To evaluate the influence of experimentally induced progressive condylar resorption (PCR) on temporomandibular joint (TMJ) mechanoreception.
Twenty 13-week-old male albino Wistar rats were divided equally into control and PCR groups. A compressive force was loaded on the left TMJ of PCR group rats to induce condylar resorption. Single-unit activities of TMJ mechanoreceptors were also induced through passive jaw movement. Recording was performed for the left Gasserian ganglion at 3 days and 1 week after the establishment of PCR group. The effects of PCR on TMJ units were assessed by measuring the firing threshold, maximum instantaneous firing frequency, and average firing frequency.
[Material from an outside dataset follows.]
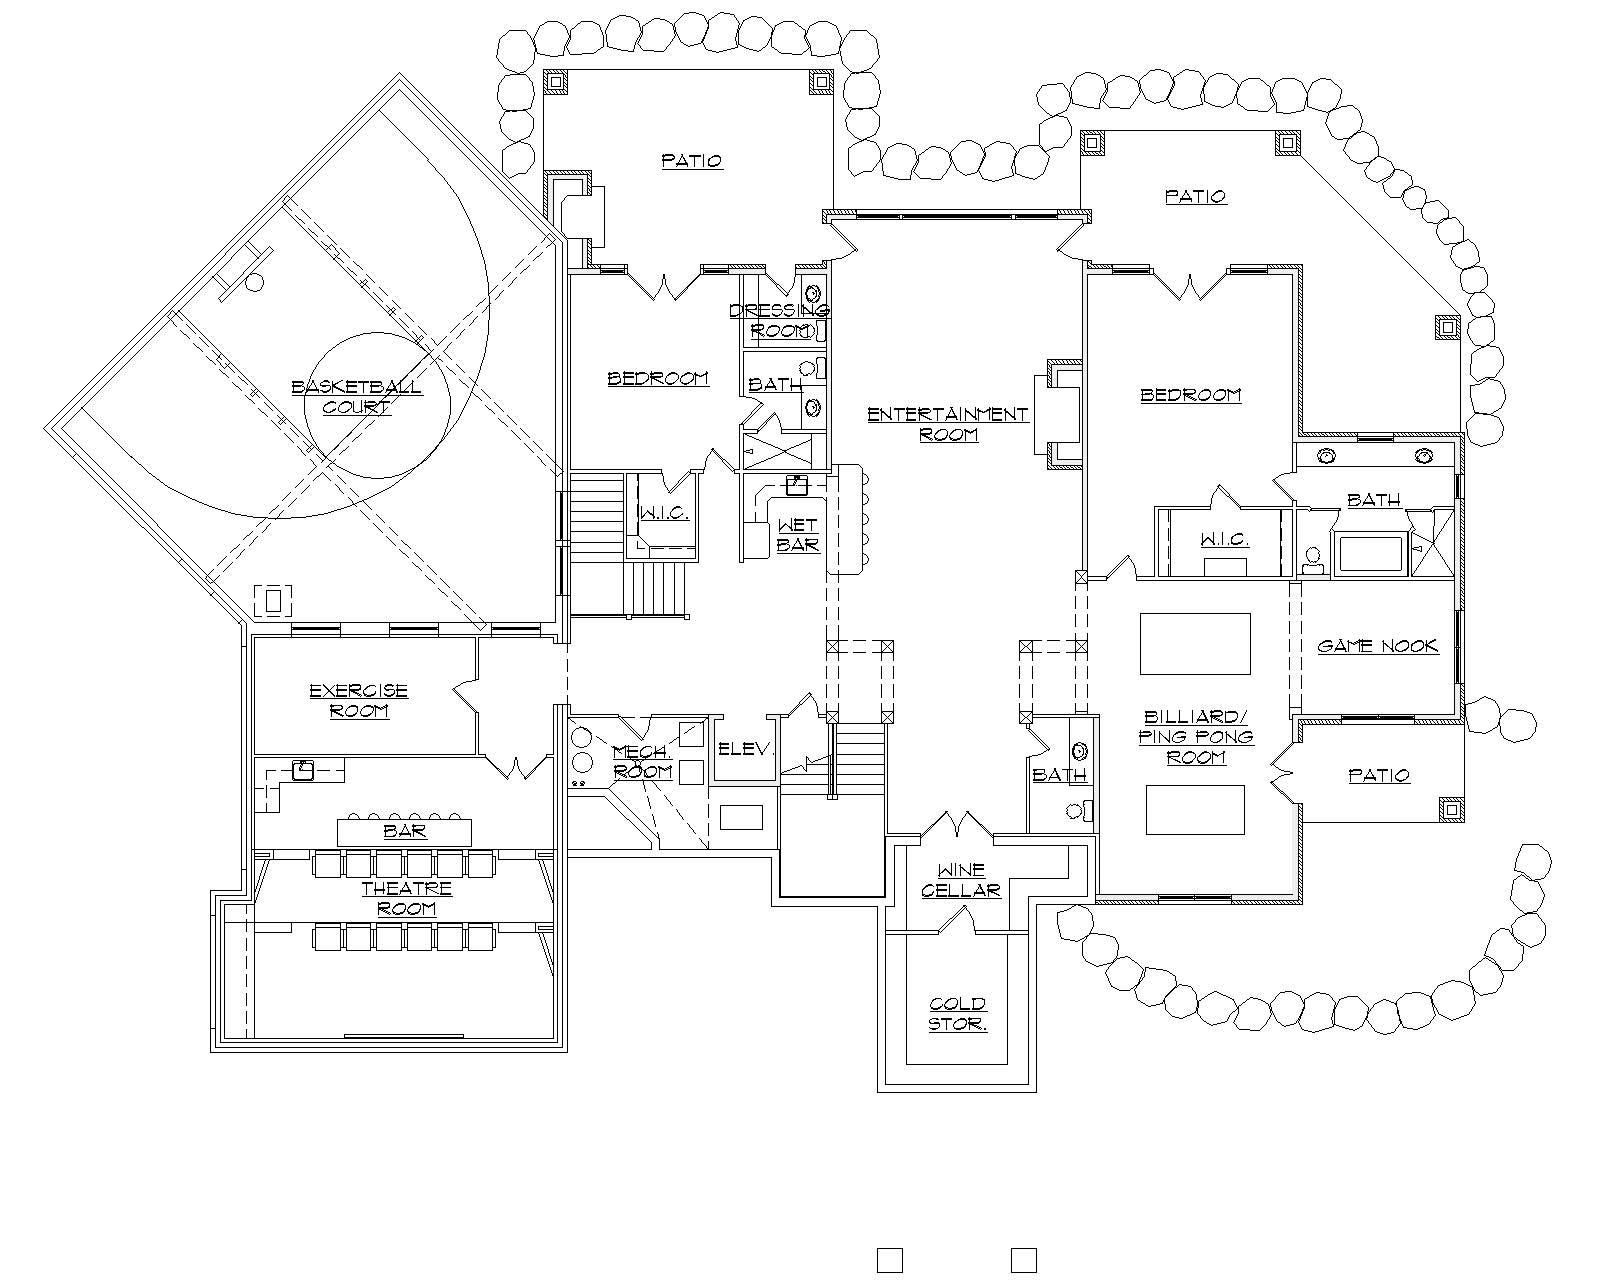 5 Bedroom Craftsman House Plan Luxury Design 135 1036 Indoor Basketball Court Floor Plans Home Basketball Court

Compared with the control group, there were no significant differences in the firing threshold of the PCR group after 3 days. The thresholds were significantly higher 1 week after compressive force loading on the condyle. The maximum instantaneous firing frequencies and the average firing frequencies showed no significant differences after 3 days. However, these were significantly lower 1 week after compressive force loading.
The findings suggest that compressive force loading on the condyle may influence the function of TMJ mechanoreceptors.
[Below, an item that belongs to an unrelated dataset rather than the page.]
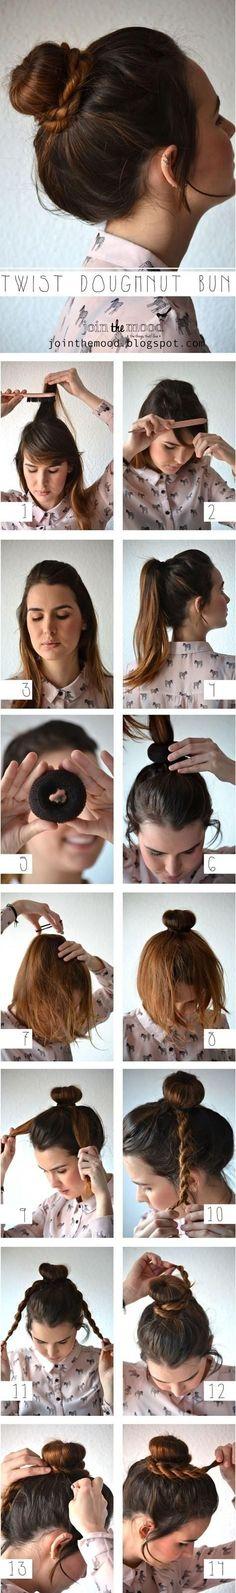 #DIY Twist Doughnut Bun Hairstyle

Progressive condylar resorption (PCR) is a clinical complication that is sometimes identified in orthodontic patients. Patients with PCR usually show progressive resorption with a flattened and malformed condylar shape.1 Most PCR patients suffer from a decline in posterior facial height, retrognathism, and progressive anterior open bite with a clockwise mandible rotation.2 Although there were studies on the exceptional deteriorative change in occlusion, the etiology and pathogenesis of this condition remain poorly understood.3 Currently, only a few studies have investigated the physiological changes associated with PCR.
Sensory inputs from low-threshold orofacial proprioceptors, such as the temporomandibular joint (TMJ) mechanoreceptors, are one of the important afferents in the regulation of occlusion.4,5 These mechanoreceptors, which exist in the lateral and posterior regions of the TMJ capsule, are activated in pace with condylar movements.4 PCR may alter the properties of TMJ mechanoreceptors, consequently affecting the physiologic regulation of the jaw position.
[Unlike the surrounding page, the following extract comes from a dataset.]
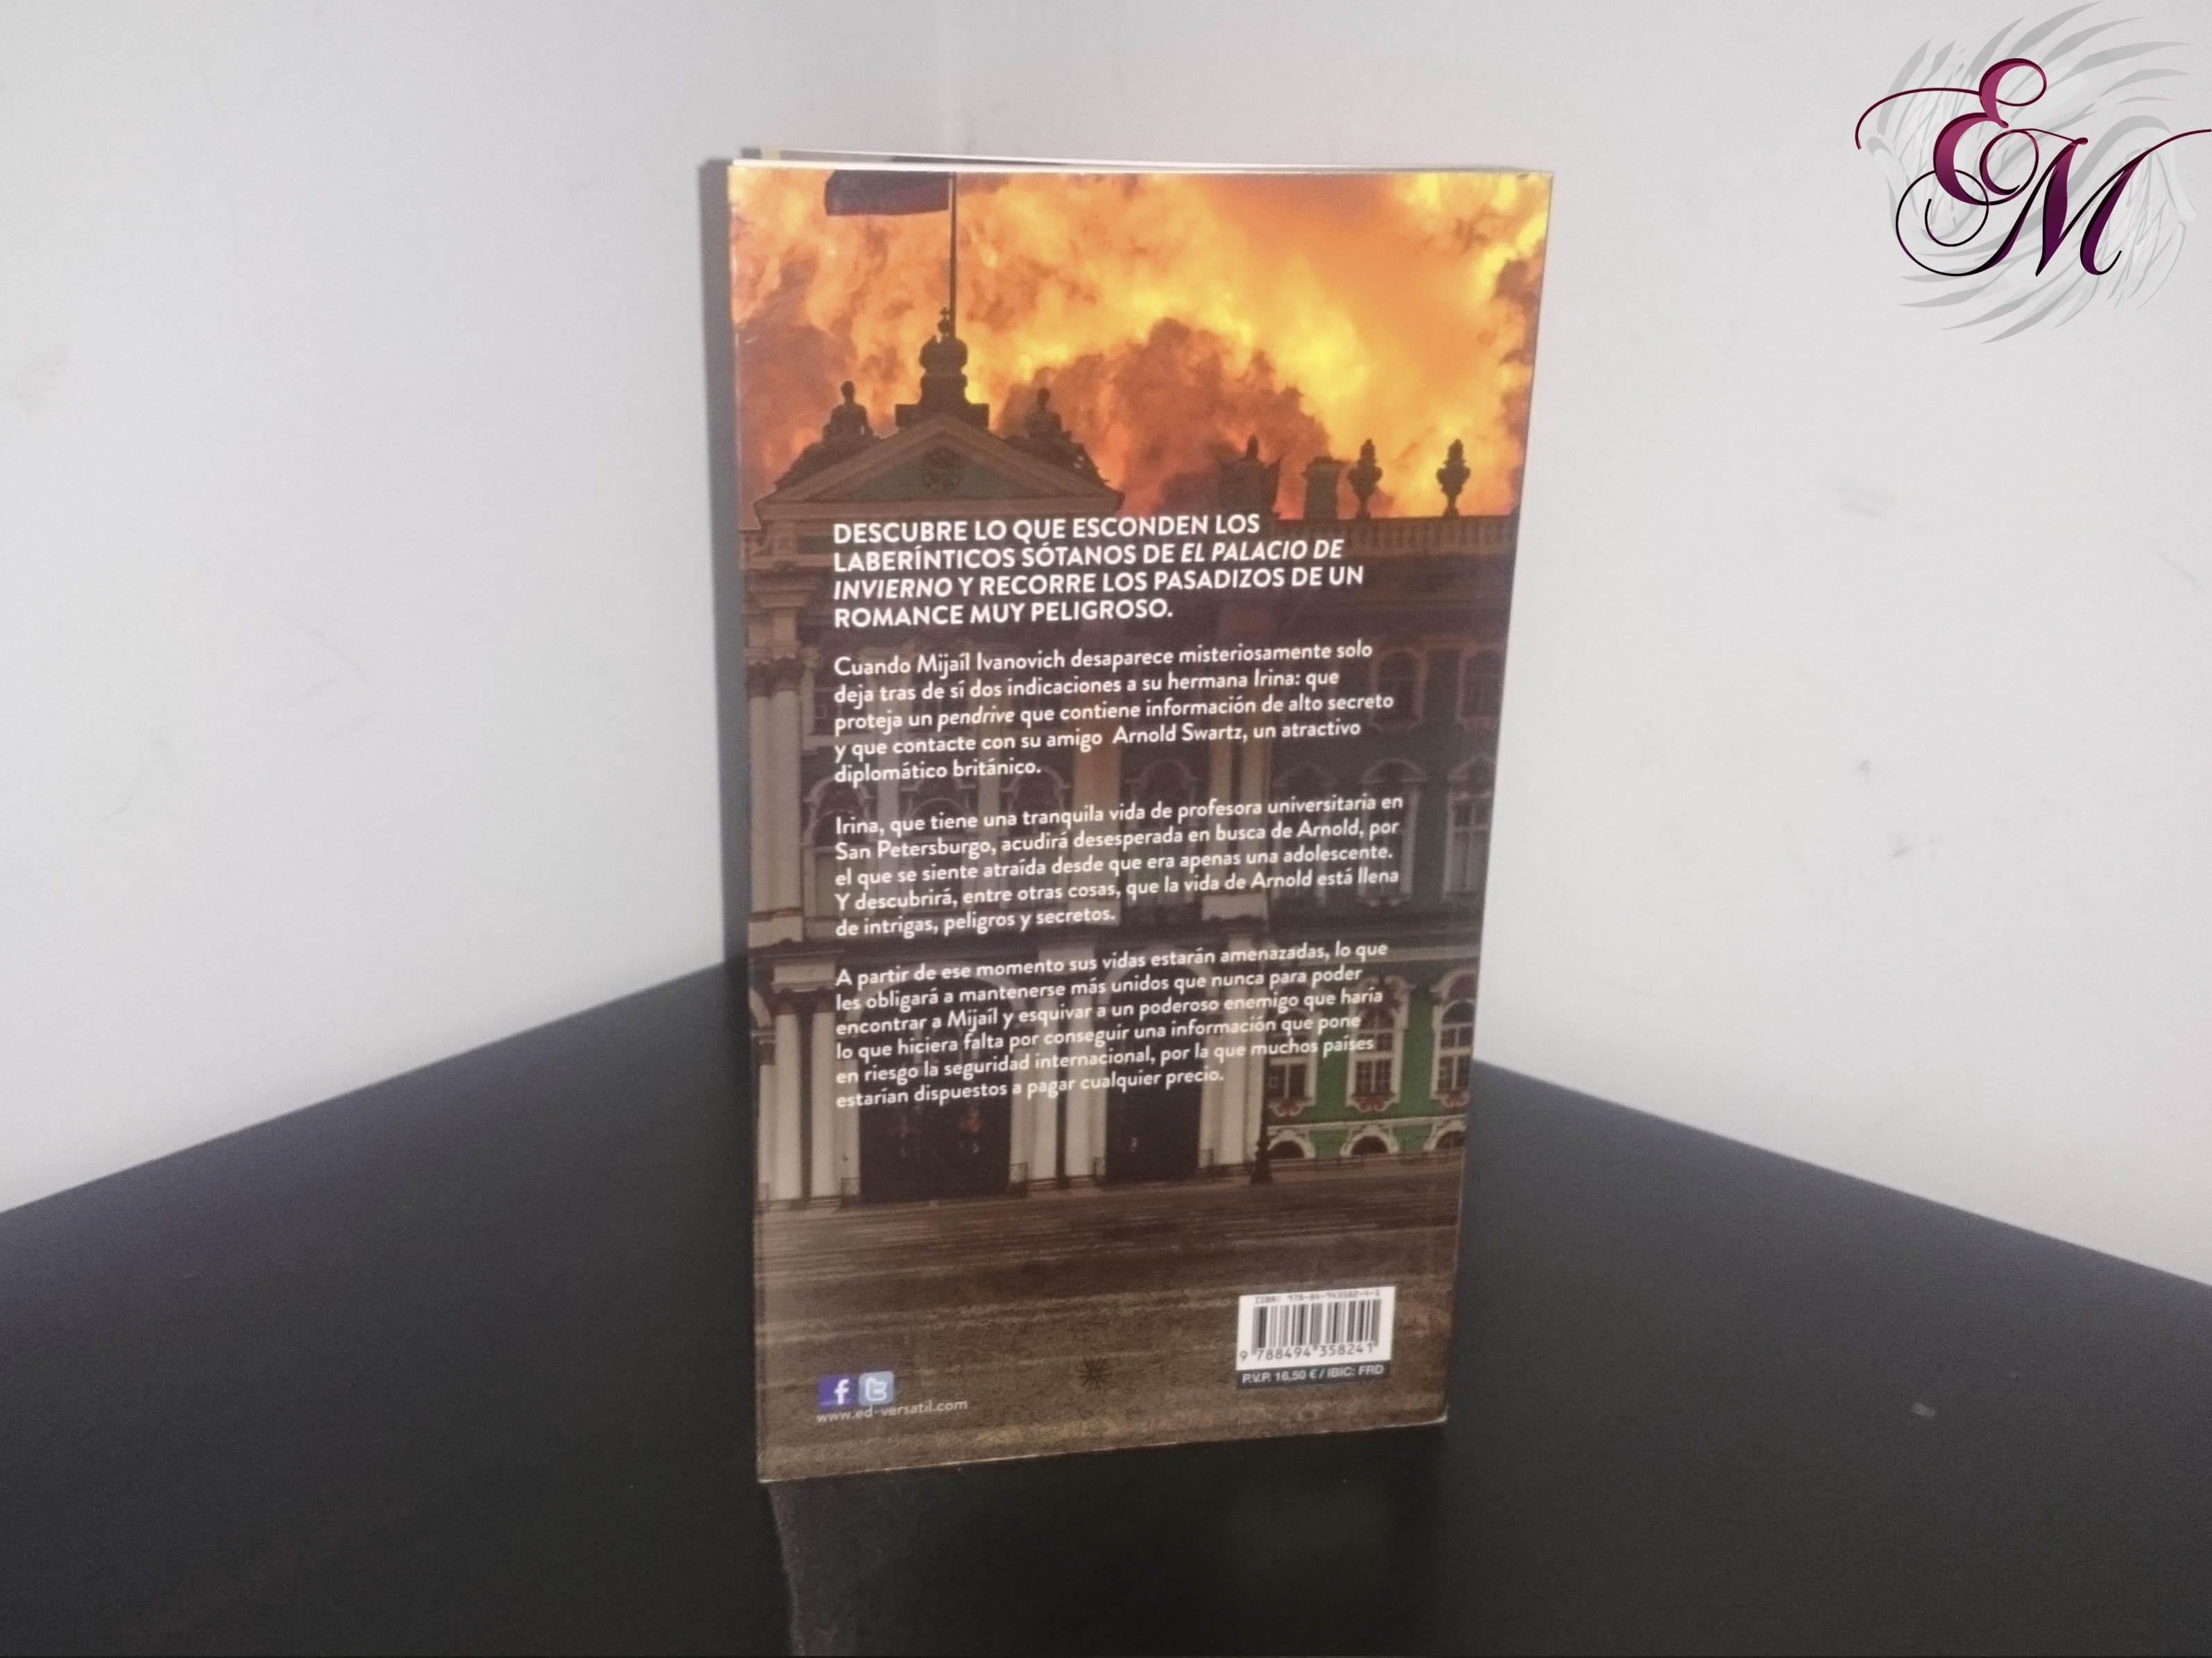 Palacio de invierno, de Menchu Garcerán - Reseña

Conventionally, establishment of animal models for PCR studies was limited to scraping of the articular surface and anterior disc displacement, and involved surgical invasion of the TMJ capsule.6,7 It was necessary to create an animal model for PCR without using these methods to avoid the unfavorable and or unexpected side effects of surgery. In a study by Zhao and colleagues, the animal's mandible was pulled mechanically and deviated posteriorly on one side, which induced condyle resorption in both the ipsilateral and contralateral TMJs.8 In their study, the contralateral TMJ showed resorption without using direct force. Therefore, they created an animal model for bilateral PCR without invading the TMJ capsule. In the current study, by utilizing and applying the concept of a non-invasive PCR animal model, the effects of an experimentally induced PCR on the functional characteristics of TMJ mechanoreceptors in rats were investigated. It was hypothesized that the TMJ mechanoreceptors would show no physiological changes in experimentally induced PCR.
MATERIALS AND METHODS
The experimental procedures were approved by the Animal Welfare Committee (#0100204, #0110997, #0110337A) and performed in accordance with the Animal Care Standards of Tokyo Medical and Dental University. Twenty male Wistar albino rats (13 weeks old) were equally divided into a control group and a PCR group.
Animals in the PCR group were lightly anesthetized intraperitoneally with 60 mg/kg thiamylal sodium (Isozol, Yoshitomi Pharmaceutical Co. Ltd., Osaka, Japan). Compressive force (ca. 25gF) was loaded using a coil-spring traction appliance (Figure 1A) for 24 hours per day for a week on the condyle of the PCR group's left TMJ. Resorption of the TMJ on both sides was confirmed using micro-CT 1 week after starting traction (Figure 1B). The animals were returned to their cages and allowed to recover from anesthesia. The body weight of rats in the control and PCR groups was monitored throughout the experimental period.
Stimulation and Recording
Electrophysiological recordings of the control and PCR groups were performed five times each on day 3 and 1 week after loading. The animals were anesthetized again via intraperitoneal injection of 80 mg/kg thiamylal sodium. The amount of anesthesia injected was monitored by checking the pupil size, flexion and corneal reflexes, and heart rate. Additional 5.0 mg/kg thiamylal sodium was administered when a firm pinch applied to the tail resulted in increased respiratory and heart rates. The animal was placed in models SN-2 and SM-15M stereotaxic apparatus (Narishige Scientific Instrument Lab, Tokyo, Japan) in a prone position (Figure 1C). For the indirect stimulation of TMJ mechanoreceptors during passive jaw movement, one end of a cotton thread was fixed to the mandibular symphysis while the other end was attached to an automatic pulling machine.9–11 Jaw-opening movement was constantly directed straight downward. The maximum jaw-opening distance was set to 5.0 mm (ramp duration of 5.0 seconds and hold duration of 5.0 seconds) from the rest position (Figure 1D). Passive jaw movement was attempted three times per recording session. Stimulation was performed from the position in which the lower jaw was loosened by anesthesia.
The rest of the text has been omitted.